O yıllarda eczane demek biraz da “reprezantan” demekti. İstanbul ya da İzmir’den gelirler, tüm eczaneleri dolaşıp siparişlerini alırlar, hemen her gece bir eczacı ya da kalfayla yemek yiyerek içki içip zamanı uzatırlar ve otomobillerine binerek başka bir şehre, yeni maceralara koşarlardı. Babamın isimlerini hala hatırladığım ve yanılmıyorsam İzmir Ecza Deposu’ndan gelen iki “reprezantan” arkadaşı vardı: Biri Avram Amca diğeri ise Recep Ağabey. Avram Amca’nın sünnet düğünümde getirdiği, hem kapağı hem de gövdesi siyah olan Pelikan marka dolmakalemi ta 1962’den beri hala kullanırım. Dile kolay, tam 47 yıl olmuş. Avram Amca daha sonra İsrail’e yerleşmişti.

Tanıdığım “en büyük reprezantan”  Nedim Yücel’dir. Ahmet Şevki Amca’nın oğlu olan Nedim Ağabey, hem şair, hem ressamdı ve nevi şahsına münhasır bir insandı; kendine özgüydü yani. Kısık sesiyle heyecanlı heyecanlı konuşur ve her zaman işinden başka bir projesi olurdu. Hep, babama “Sahir, dinle bak, şunu dinle. Çok para kazanacağız bu işte” diye başlar ve gerçekleşmesi imkânsız projelerini anlatırdı. Hayal gücü olağanüstü genişti. Dördüncü kez ilk karısıyla evlenmişti.

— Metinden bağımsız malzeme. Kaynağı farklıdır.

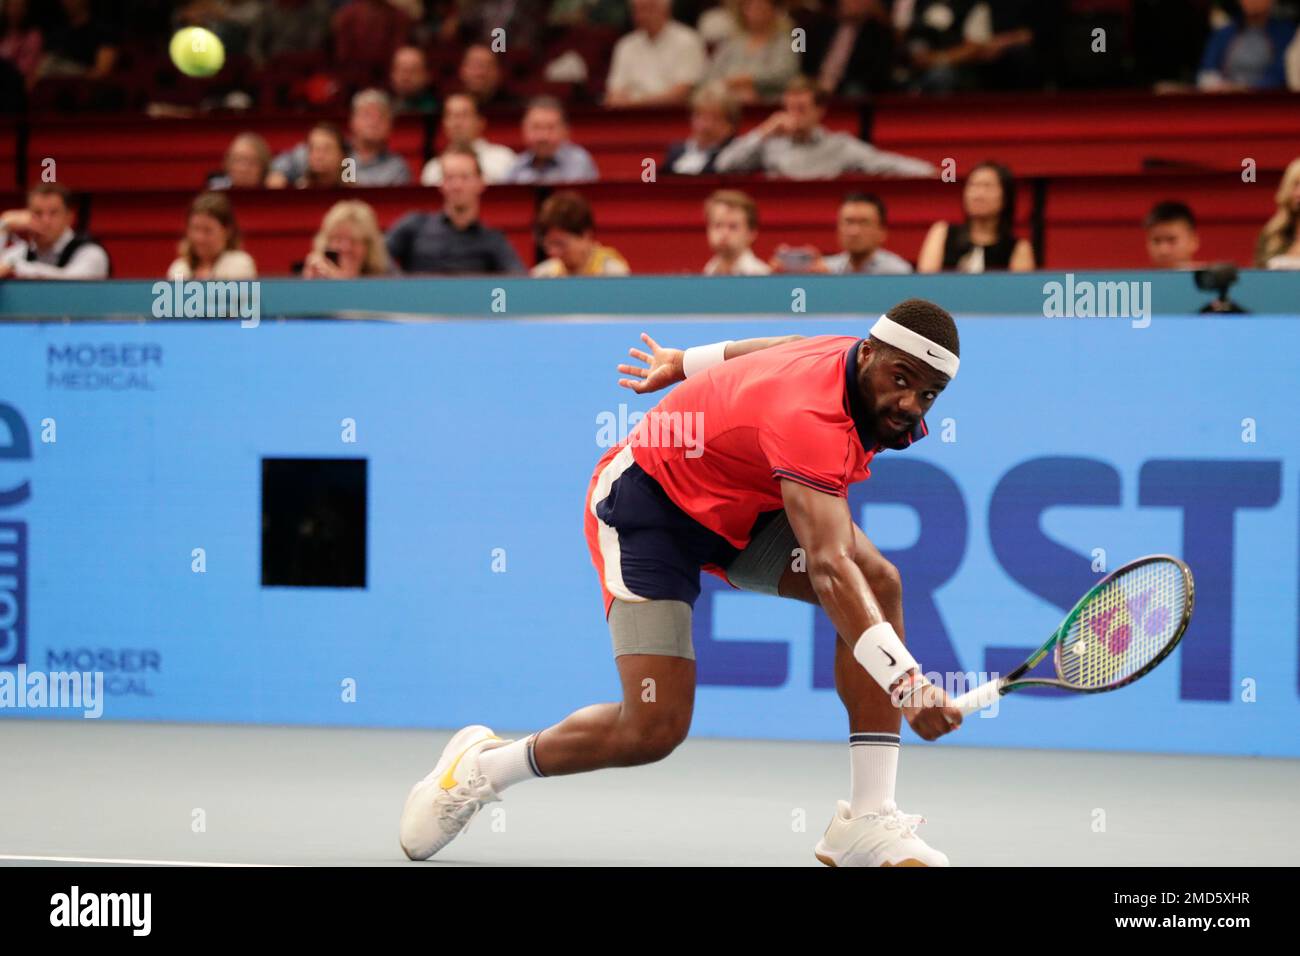 Frances Tiafoe of the United States returns the ball to Jannik Sinner of Italy during their semi final match at the Erste Bank Open ATP tennis tournament in Vienna, Austria, Saturday, Oct.

“Reprezantanlık” son derece kalıcı arkadaşlıkların kurulmasına vesile olmuştur.  Kardeşim Uğur, askerliğini yapmış olduğu halde ilgili evrakın İzmir’den İstanbul’a gönderilmemiş olması nedeniyle bir cumartesi gecesi “ huzur operasyonu” vesilesiyle Beşiktaş’ta içeriye alınmıştı. Hafta sonu olduğundan ancak iki gün sonra çıkarabildiğimiz Uğur’un anlattığına göre, nezarethanedeyken, herkes adını ve soyadını söyledikten bir süre sonra, Gündoğmuş’u duyan yaşlıca bir adam kardeşime seslenerek, ” Oğlum sen Sahir’in oğlu musun” diye sorup “ evet” yanıtını alınca çok sevinmiş ve eskiden “reprezantan” olduğunu, babamla yıllar önce bu vesileyle tanıştığını, çok yakın arkadaş olduklarını uzun uzun anlatmış. Ne tesadüf ama… Rasgele kaos… 

,

Bir cevap yazın

E-posta hesabınız yayımlanmayacak.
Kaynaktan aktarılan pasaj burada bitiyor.